- Dataset content -
* * *

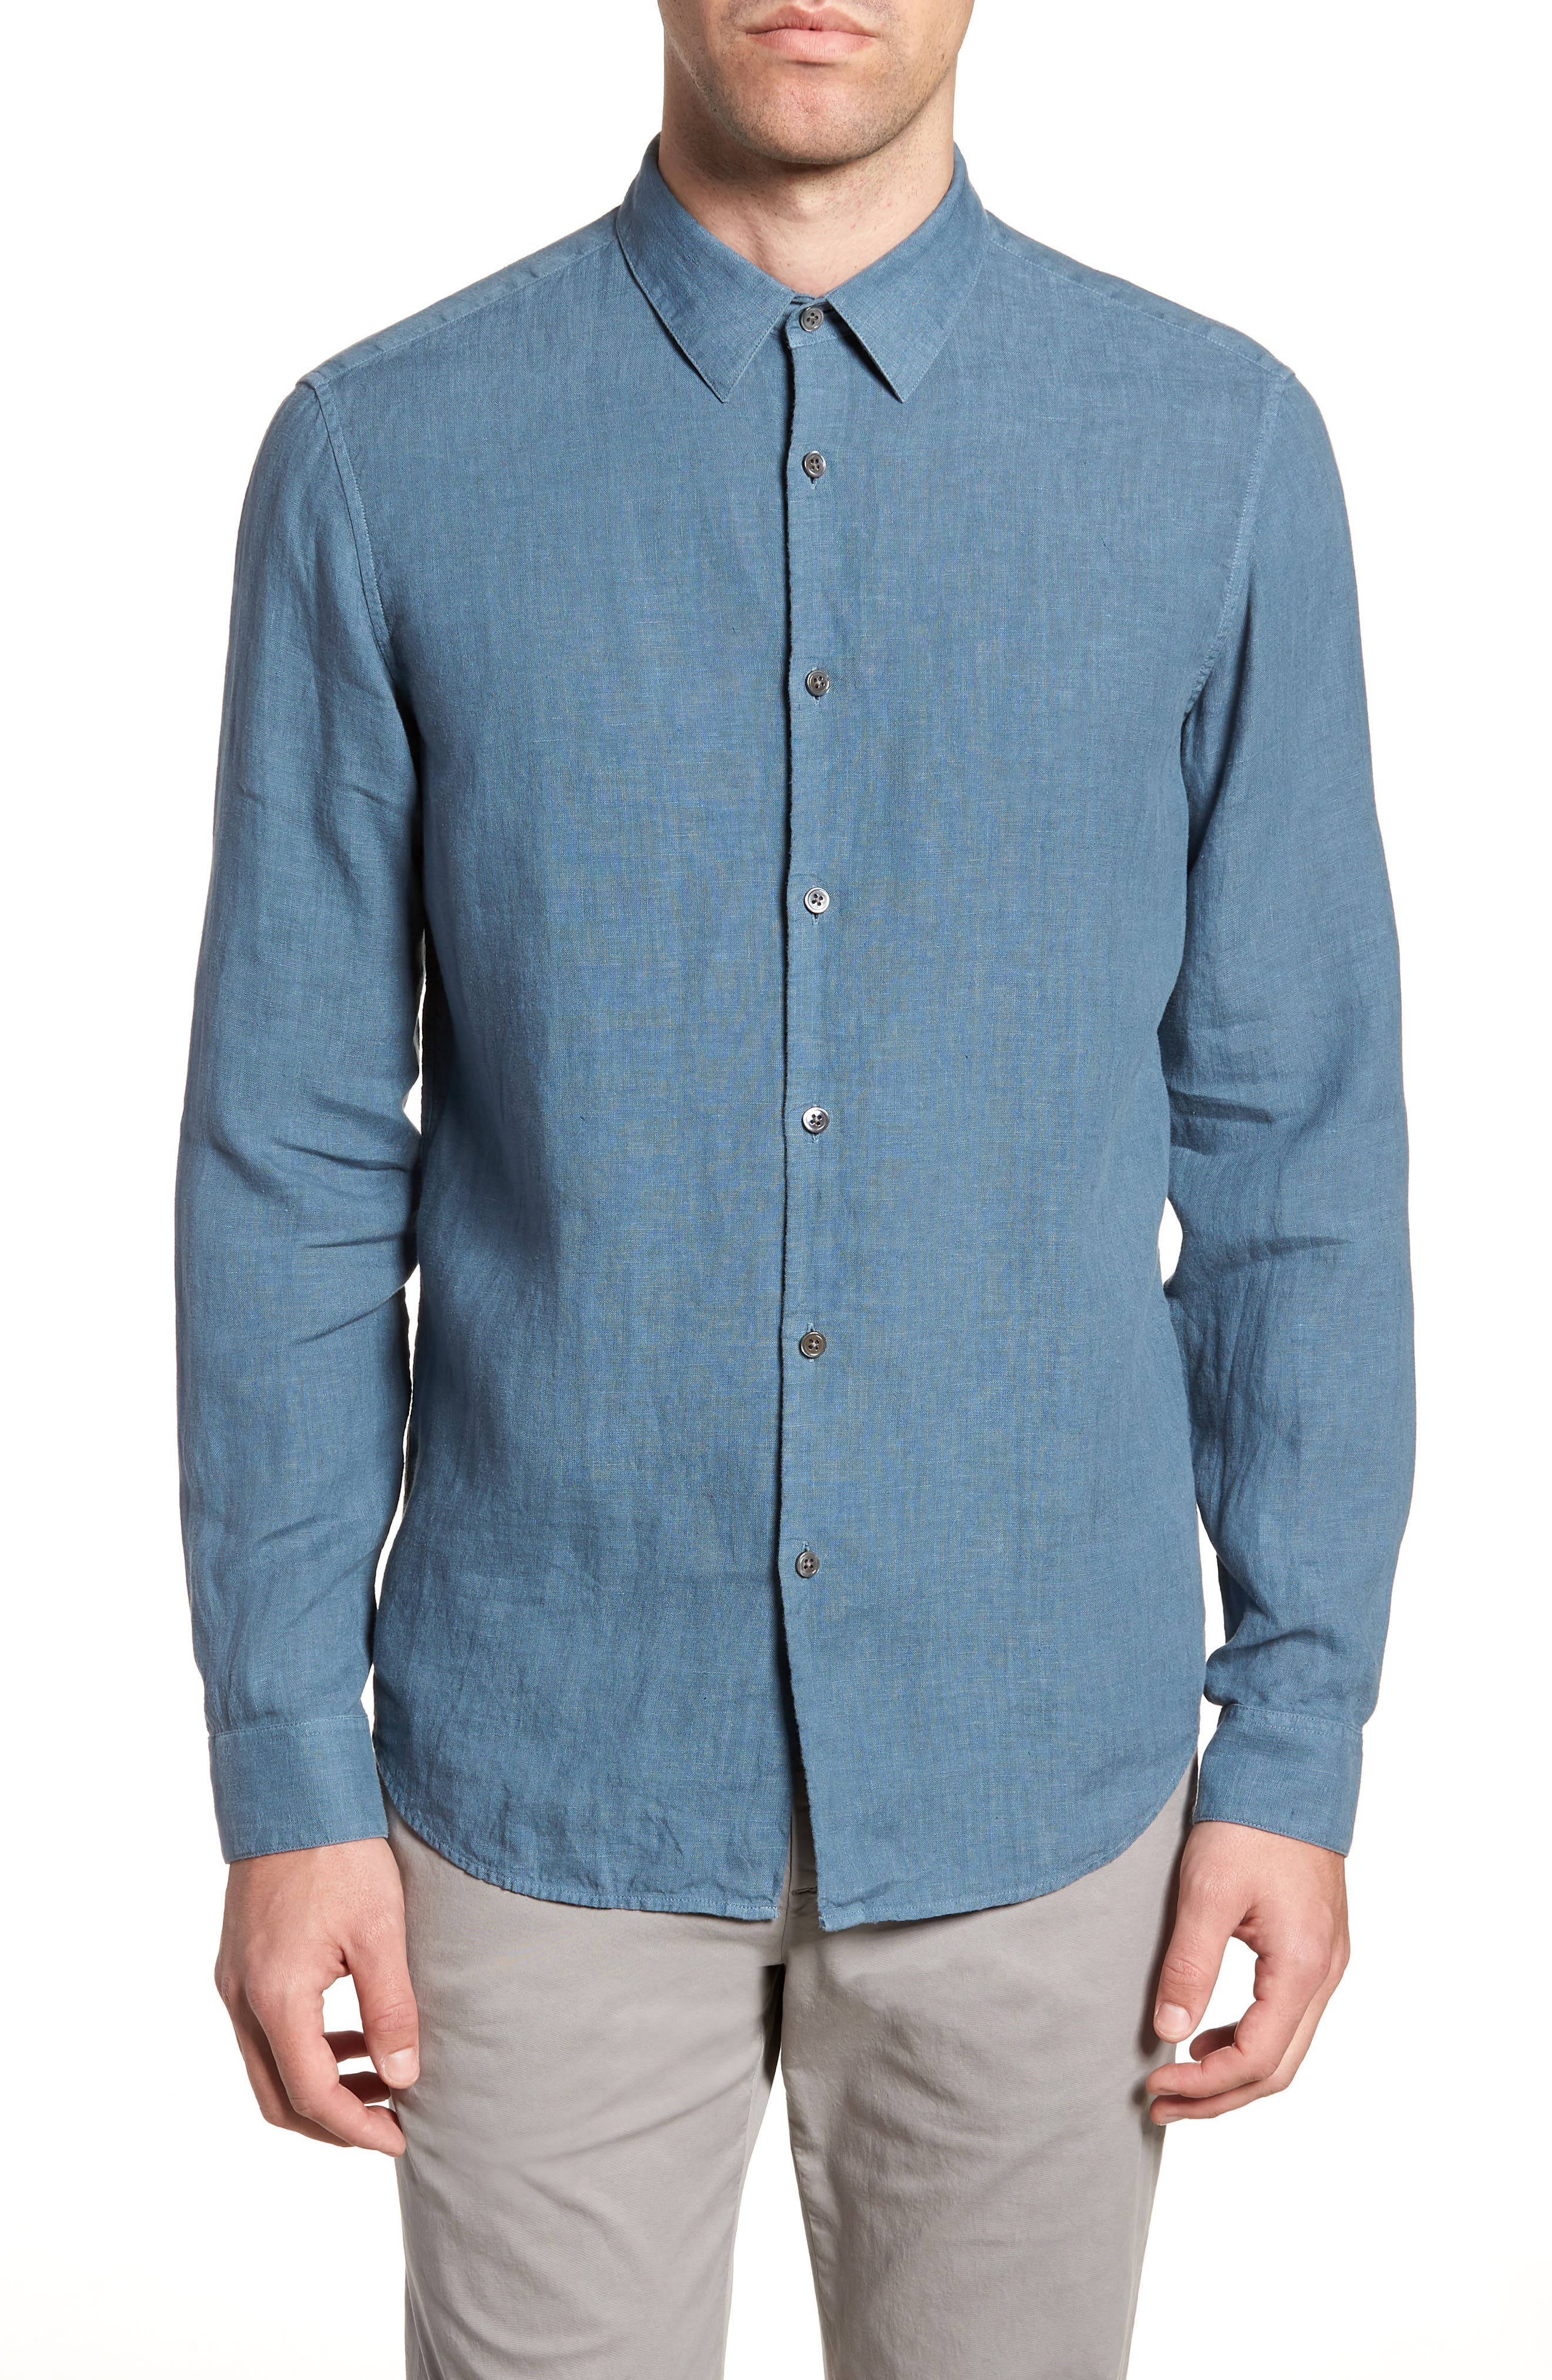 Irving Trim Fit Solid Linen Sport Shirt,                             Main thumbnail 1, color,                             Hydro
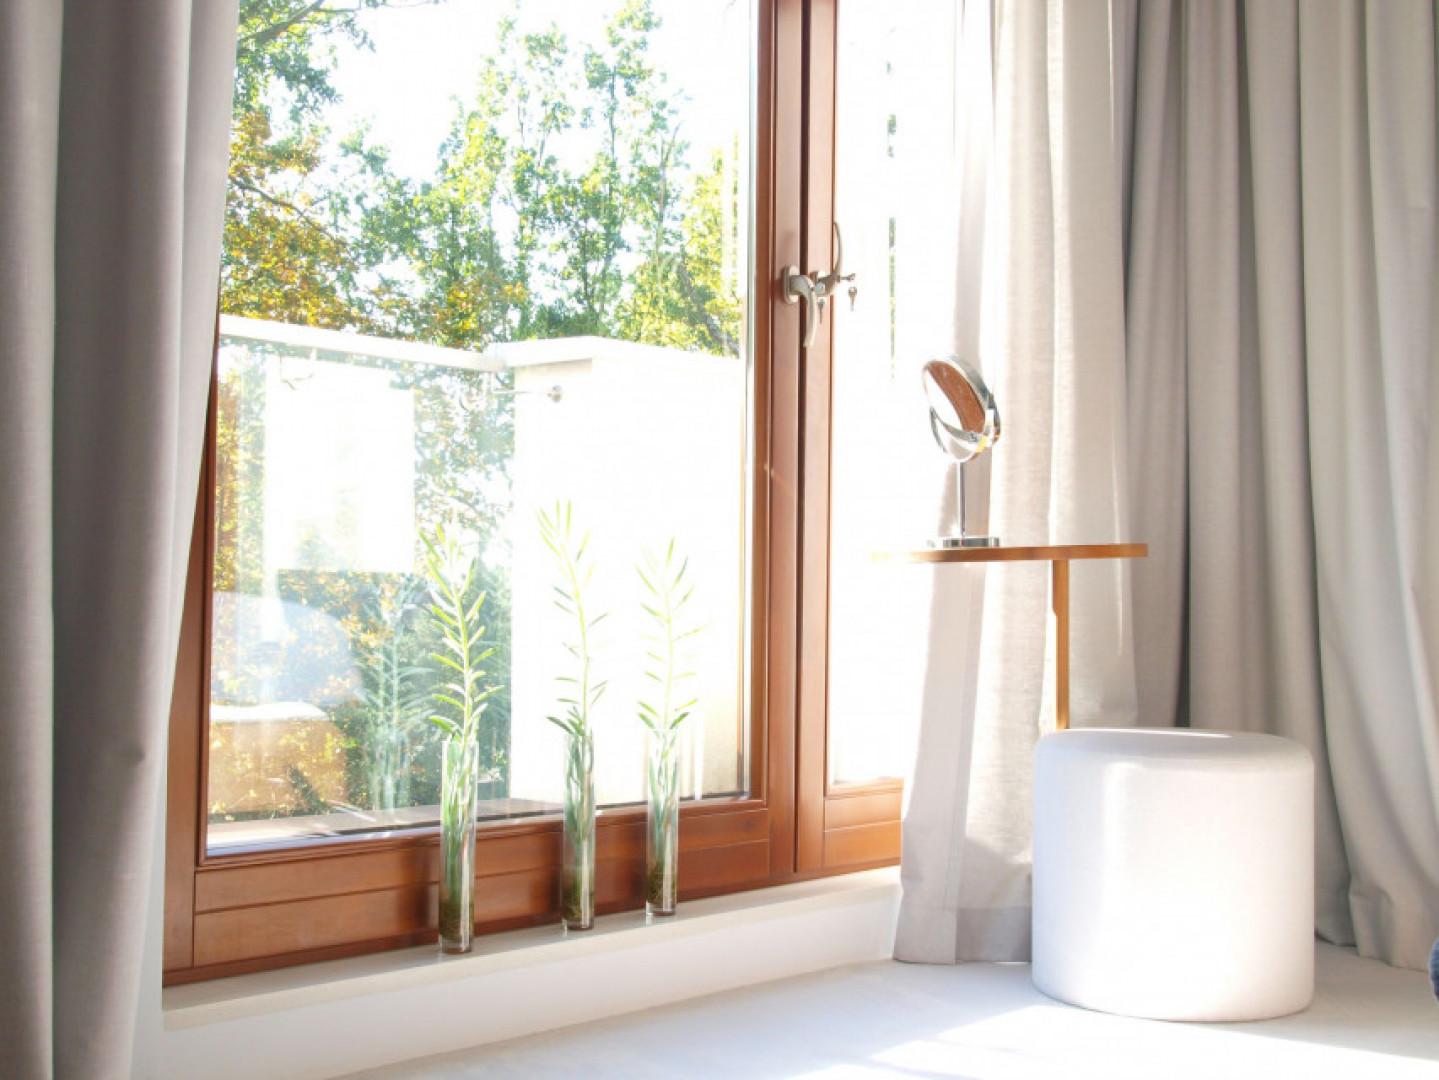 Toaletka Tolumi. Projekt: Katarzyna Dzięcioł. Fot. Karbonado
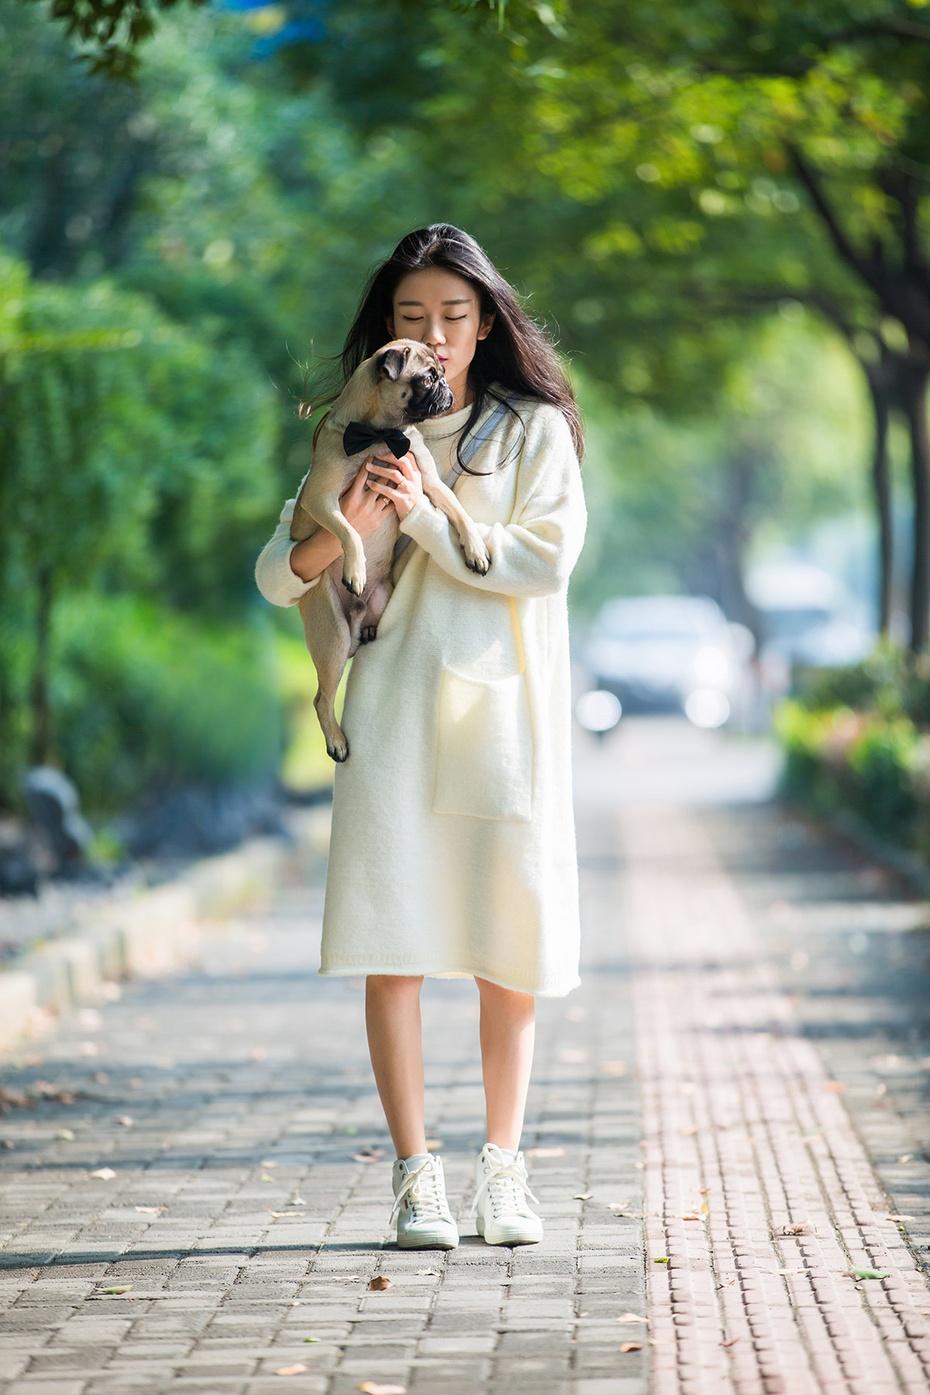 [Ava搭配日记]纯白日记 - AvaFoo - Avas Fashion Blog
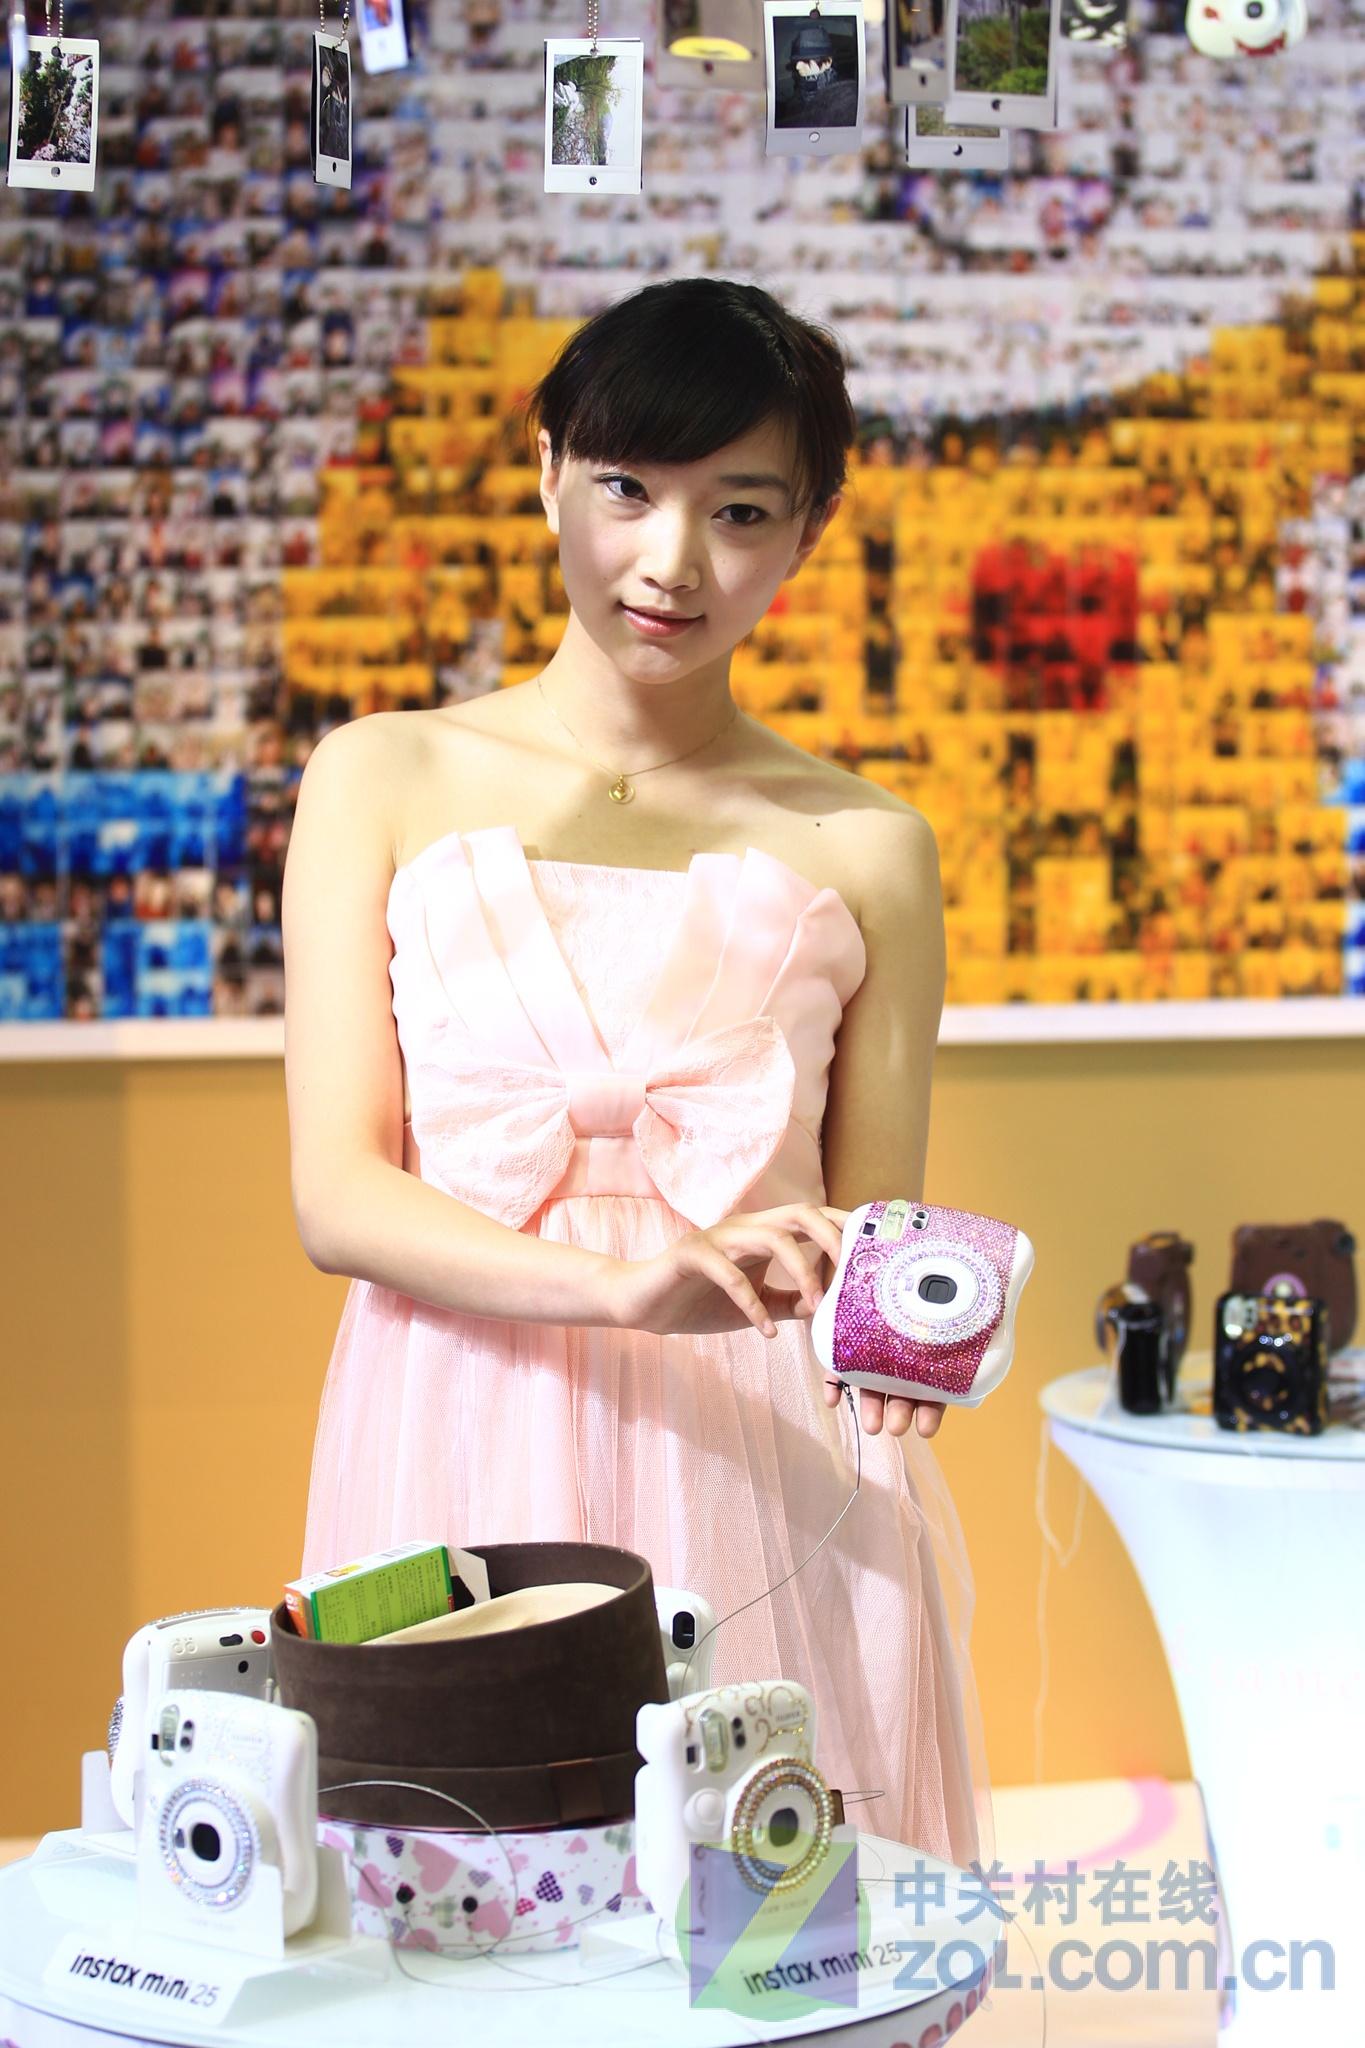 p&e2012:轻松熊小可爱 富士美女搜罗

* * *

In your answer, set down the full listing word for word and include no pictures.

 Irving Trim Fit Solid Linen Sport Shirt,                             Main thumbnail 1, color,                             Hydro
 Toaletka Tolumi. Projekt: Katarzyna Dzięcioł. Fot. Karbonado
 [Ava搭配日记]纯白日记 - AvaFoo - Avas Fashion Blog
 p&e2012:轻松熊小可爱 富士美女搜罗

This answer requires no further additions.